Comparable across companies

Integrate ESG with Financial Reporting

ESG disclosures linked to financial risks and impacts

Undergo Audit / Assurance

ESG data must be verified

Build Data Infrastructure

ERP upgrades

ESG data platforms

Internal controls

CSRD shifts ESG from narrative disclosure to data-driven reporting

CSRD requires companies to build data infrastructure comparable to financial reporting systems

CSRD turns ESG into structured, auditable, decision-useful data

Who CSRD Applies To

CSRD has broad scope, affecting both EU and non-EU companies through extraterritorial application.

EU Companies

Large companies meeting thresholds:

€40M+ turnover

€20M+ assets

250+ employees

Listed Companies

Including SMEs (with phased timelines)

Non-EU Companies (VERY IMPORTANT)

Companies with:

€150M+ EU revenue

EU subsidiaries or branches

CSRD has extraterritorial impact, affecting global companies operating in the EU

Many companies are indirectly affected through supply chain reporting requirements

Omnibus I Directive Update

The Omnibus I Directive, approved by the European Parliament on 16 December 2025, signed on 24 February 2026, and effective from 19 March 2026, significantly revised CSRD thresholds for non-EU companies while maintaining the core framework and double-materiality requirement.

Updated Non-EU Thresholds

Omnibus I raised the thresholds for non-EU companies, reducing the number of captured non-EU groups:

Net EU Turnover

Increased from €150M to €450M

EU Subsidiary/Branch Turnover

Increased from €40M to €200M

Third-Country Undertakings (Non-EU Companies)
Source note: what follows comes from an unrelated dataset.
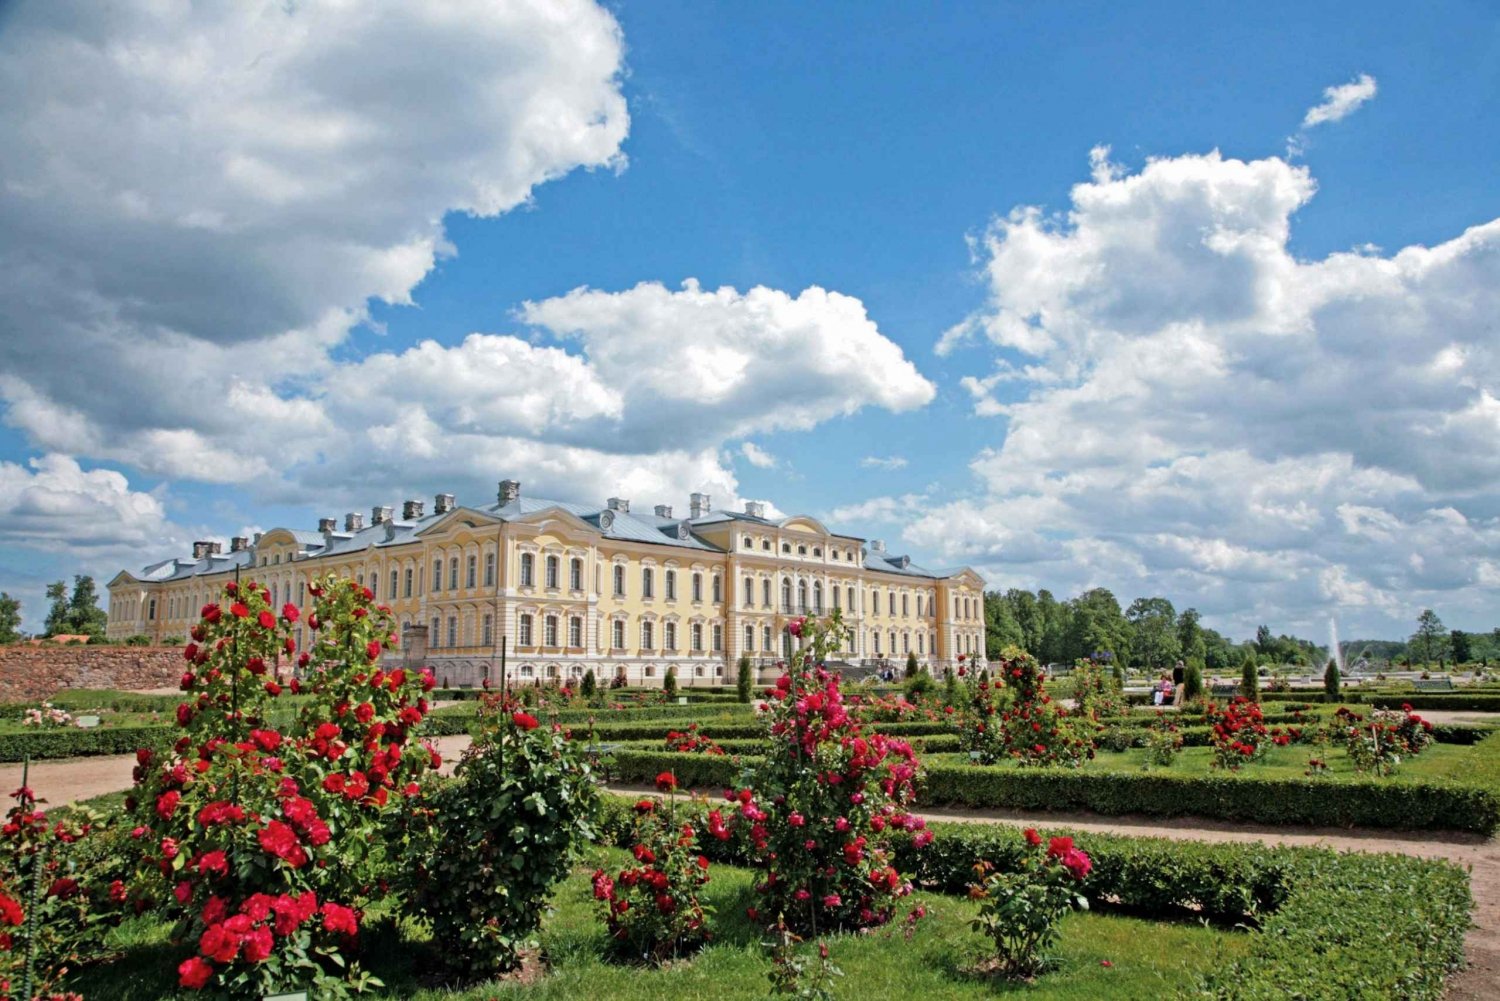 Discover-the-Magic-of-Rundale-Palace

A non-EU company must report under CSRD if it meets both conditions:

  • • Net EU turnover exceeding €450 million for the last two consecutive financial years
  • • At least one EU subsidiary or EU branch with net turnover exceeding €200 million

Additionally, listed non-EU companies with more than 1,000 employees and global turnover above €450 million are in scope regardless of subsidiary/branch thresholds.

Other Omnibus I Changes

Beyond threshold updates, Omnibus I introduced other simplifications:

  • • Simplified ESRS data-point set (reducing mandatory data points by ~61%)
  • • Extended SME opt-out provisions
  • • Maintained core double-materiality requirement
  • • Estimated €4.7 billion (~44%) compliance cost savings for EU companies

Non-EU Timeline

Data collection commences for financial year 2028, with the first sustainability report due in 2029. This timeline applies to Gulf-based conglomerates, US corporations, and Asian manufacturers with material European revenue.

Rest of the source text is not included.